On 4/30/24 2:26 PM, John Day wrote:
> First of all, great story!!!  ;-)  Sounds like a number of things outside the rules that went on. It was a great time!!
>
>> On Apr 30, 2024, at 14:50, Karl Auerbach via Internet-history <internet-history at elists.isoc.org> wrote:
>>
>>
>> In our early security work at SDC (circa 1972-4) we were trying to interpose an end-to-end encryption into ARPAnet protocols.  One aspect kept getting our technical goats - RFNM - Request For Next Message.  The reason was that this message was generated by elements (destination IMPS) below our encryption but needed to be delivered to elements above our encryption.
>>
>> (I know that RFNM was supposed to from destination IMP to source IMP, but for reasons that I no longer remember, it ended up crossing our security/cryptography barrier.)
> I don’t know, but let me suggest what it was and you can tell me if that is it. About this time there was something called ‘receipt confirmation.’  The idea was that receiving acks should notify the sender.  CCITT was especially big on it.  It was a bone of contention, some thought it was a good idea, some didn’t. Those who liked more determinism liked it. The argument for Transport Protocols was that it was IPC and IPC didn’t give the user an ack, so the Transport protocol shouldn’t. The acks were entirely inside the layer.
>
> So was this receipt confirmation?
>
> Take care,
> John
>
>> RFNM became a pejorative, or rather, was the subject of many pejorative outbursts by our group (Dave Kaufman, Frank Heinrich, Marv Schaeffer, Jerry Cole, Carl Switzky, Jerry Simon, Josie Althous, Val Schorre, John Scheid, Hillary X <can never remember her last name>, Jay Egglestun, Dave Golber, and myself.)
>>
>> We had to engineer a trusted (mathematical specifications of security, formal verification of code against that security spec) hardware/software bypass around our cryptographic layer (much of which was in very expensive Tempest grade hardware) to deal this this.
>>
>> (As our work progressed, TCP came along and we moved our work over to that approach, using the evolving split of an IP-like layer from the bottom of TCP, as a wedge into which to insert our security protocols. This was a much better design for our purposes when measured by Wirth's definitions of modularity (minimal information flow between modules).
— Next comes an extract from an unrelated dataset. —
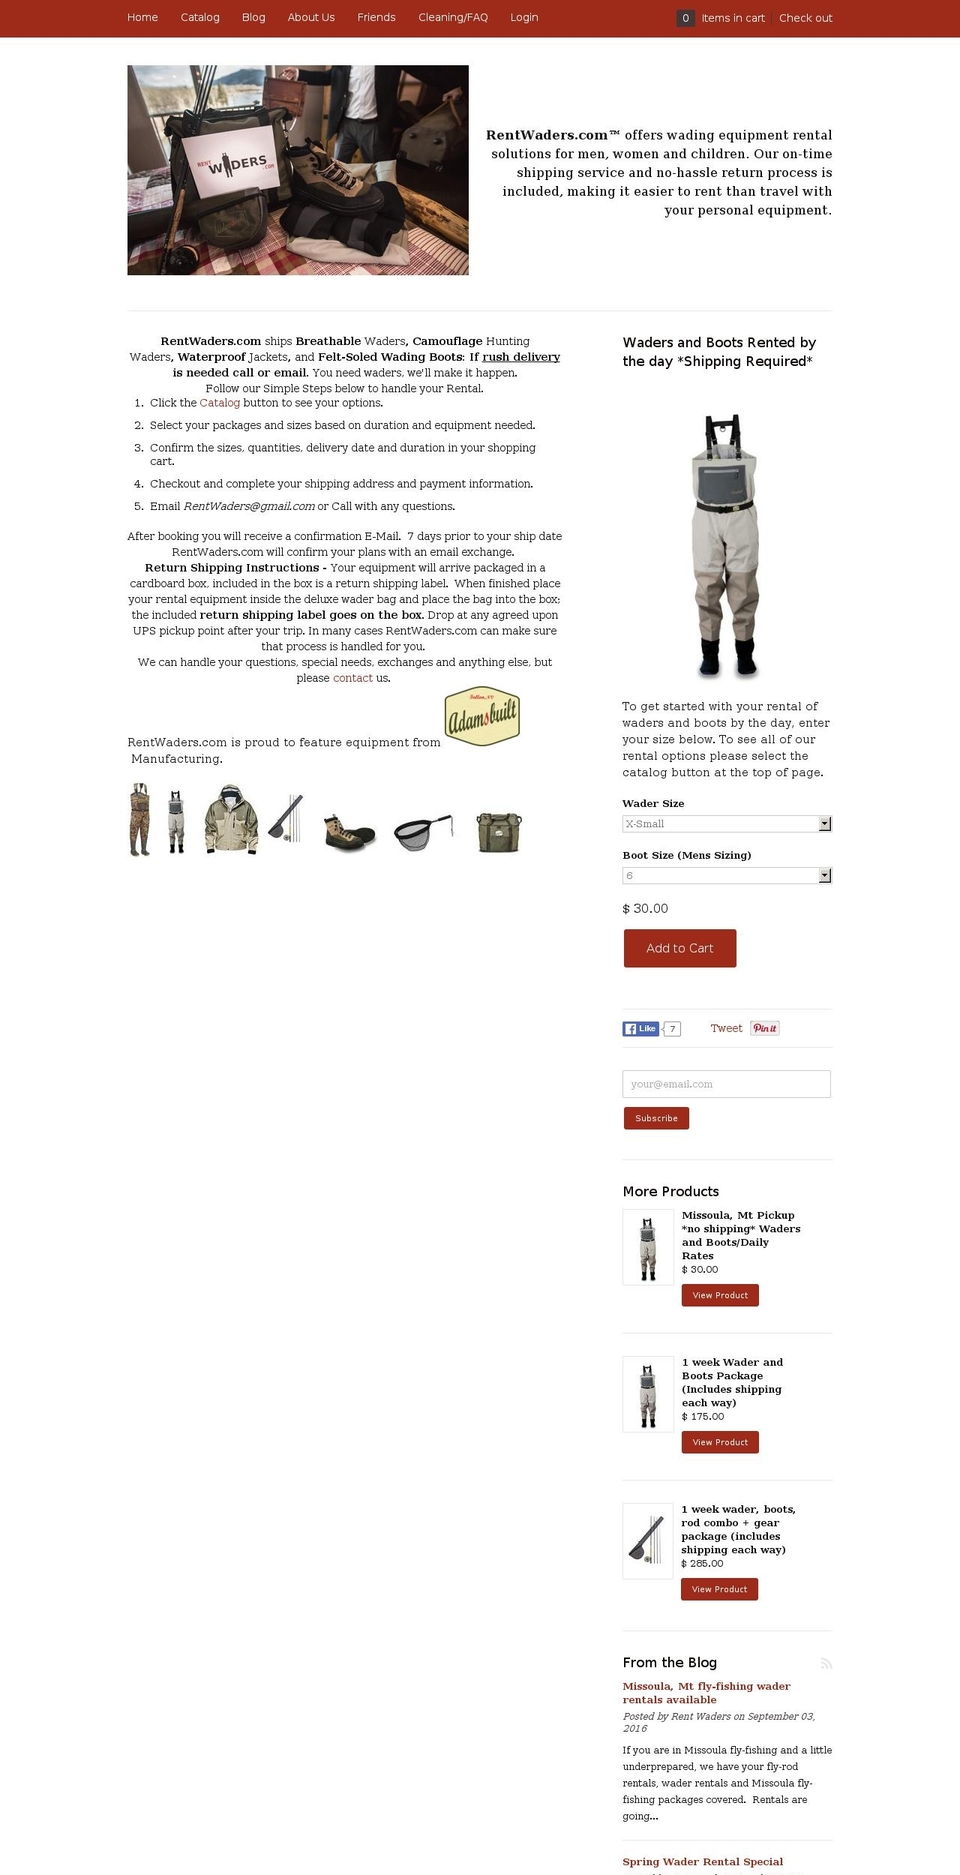 Kickstand Shopify theme site example rentwaders.com

Our designs got easier and less Rube Goldberg - except that along the way we had begun to use much more complex modes of encryption (we'd call it blockchain today) and key management.
>>
>> Apropos Hamlet's line that “There are more things in Heaven and Earth, Horatio, than are dreamt of in your philosophy.” the Internet grew from a soil rich with pranks, strange events, and  not a little romance. Such as this:
>>
>> As that happened our network security work got moved behind multiple layers of guards and locked doors (and special RF containment rooms). That had the effect of isolating us from company management who lacked the clearances to come into our area.  It was at that time what some of us wanted to make our offices nicer - in violation of SDCs rather strict organizational hierarchy.  So one evening we (Carl Switzky and myself) found a large spool of rather nice, essentially new, white wool carpet that was being discarded by a super high end shop on San Vicente and I had an International Harvester truck large enough to carry that spool. It was also at that time we discovered that while the SDC guards had instructions not to allow things to be carried out from the buildings that they had no instructions about carrying things in.  And through a strange coincidence of the dark forces of the universe one of our group was working late and also had a carpet knife attached to his belt.  So the next day we all had really nice white wool carpet in our offices, inside the high security zone (we did all the offices in order to create plausible deniability about our role.)